"She almost lives in the garden, sir, this fine weather."
"Then I'll try my luck," said Herrick, shouldering his pack, which he had brought from no further than Lavendale Manor, where he had put on his pedlar's clothes and stained his complexion. He tramped along the avenue, struck off to the right hand before he reached the house, and made his way by a by-path to a little gate in a holly hedge, by which he entered the garden. All Squire Bosworth's old family plate was laid up in safe keeping at his goldsmith's, and the approaches to Fairmile Court were not over-jealously guarded. Herrick knew his way about the gardens. He had walked there last summer in the sweet sunset leisure of after dinner, when he and Lavendale were the Squire's honoured guests, Mr. Bosworth never suspecting that his lordship's companion could be his rival. He knew all Irene's favourite nooks and corners, and where to look for her.
He found her sitting under a cedar which Evelyn of Wootton had planted with his own hands, an enduring evidence of that accomplished gentleman's friendship for Squire Bosworth's grandfather. She was not alone, but, instead of her usual companion and governess, she had Mrs. Bridget, the nurse, who was sitting on a little wooden stool, knitting a stocking, while Irene sat on the grass close by, with an open book in her lap.
Now it happened that, next to Irene herself, Bridget, the nurse, was the person whom Herrick most ardently desired to see.
"Can I sell you a book, ladies?" he began in his feigned voice, standing a little way off, and opening his pack. "Here is Gulliver's Travels, the most wonderful book that was ever written, the book all the great folks in London were mad about last winter; and here is Robinson Crusoe, and The History of the Plague, and—"
But Irene had started, to her feet. Disguise his complexion, hide his eyes, alter his voice as he might, she knew him. She would have known him anywhere, and under even stranger conditions. The electricity of true love flashed from his soul to hers.

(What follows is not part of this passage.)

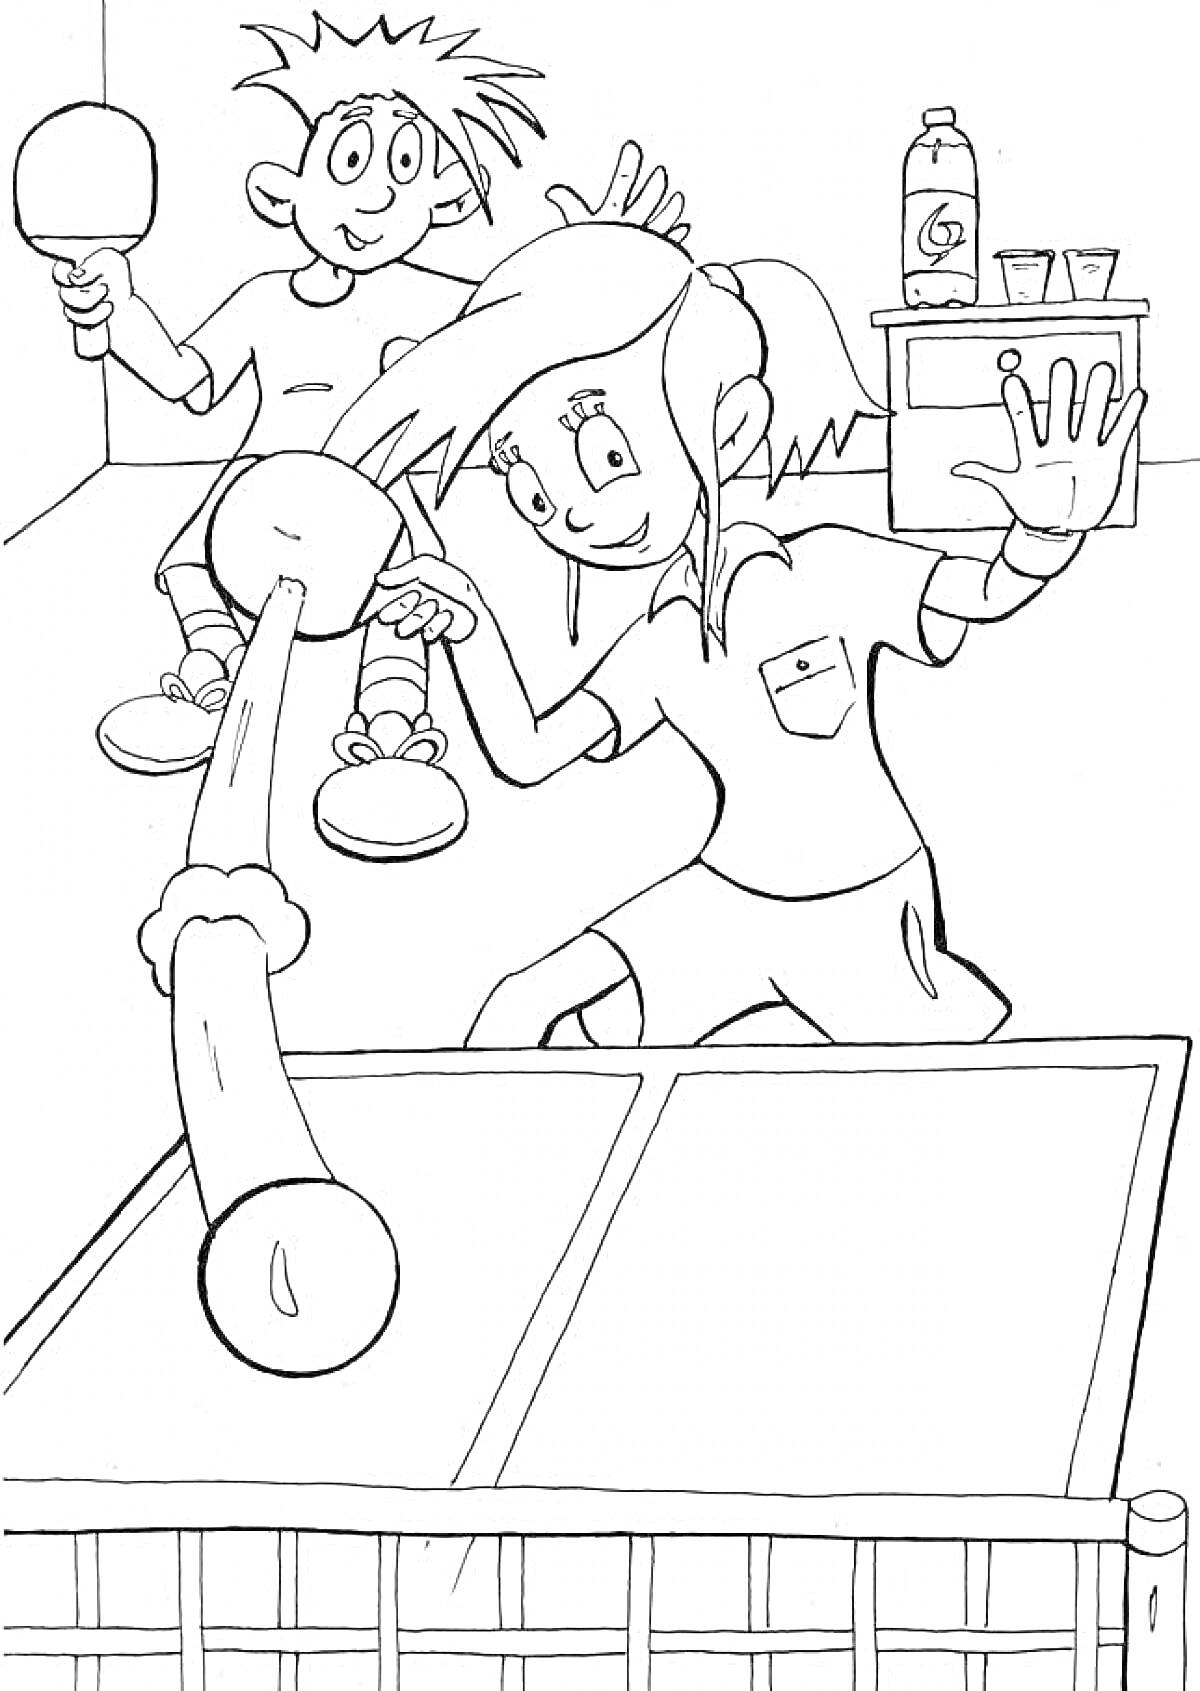 Раскраска Два ребенка играют в настольный теннис, рядом бутылка и стаканчики на столе

"Herrick!" she cried, "it is you!"
Mrs. Bridget also rose with a troubled air; but Irene laid a restraining hand upon her nurse's arm.
"You won't tell anybody, you'll let us talk to each other a little while?" she pleaded; and then in her most caressing manner, "you can hear all we say. I have no secrets from you, dear old Bridget."
"I'll warrant Mrs. Bridget would hardly swear so much on her side," said Herrick, with a lurking significance in his tone. "When people come to your nurse's age, Irene, they are apt to have a secret or two, be they ever so honest."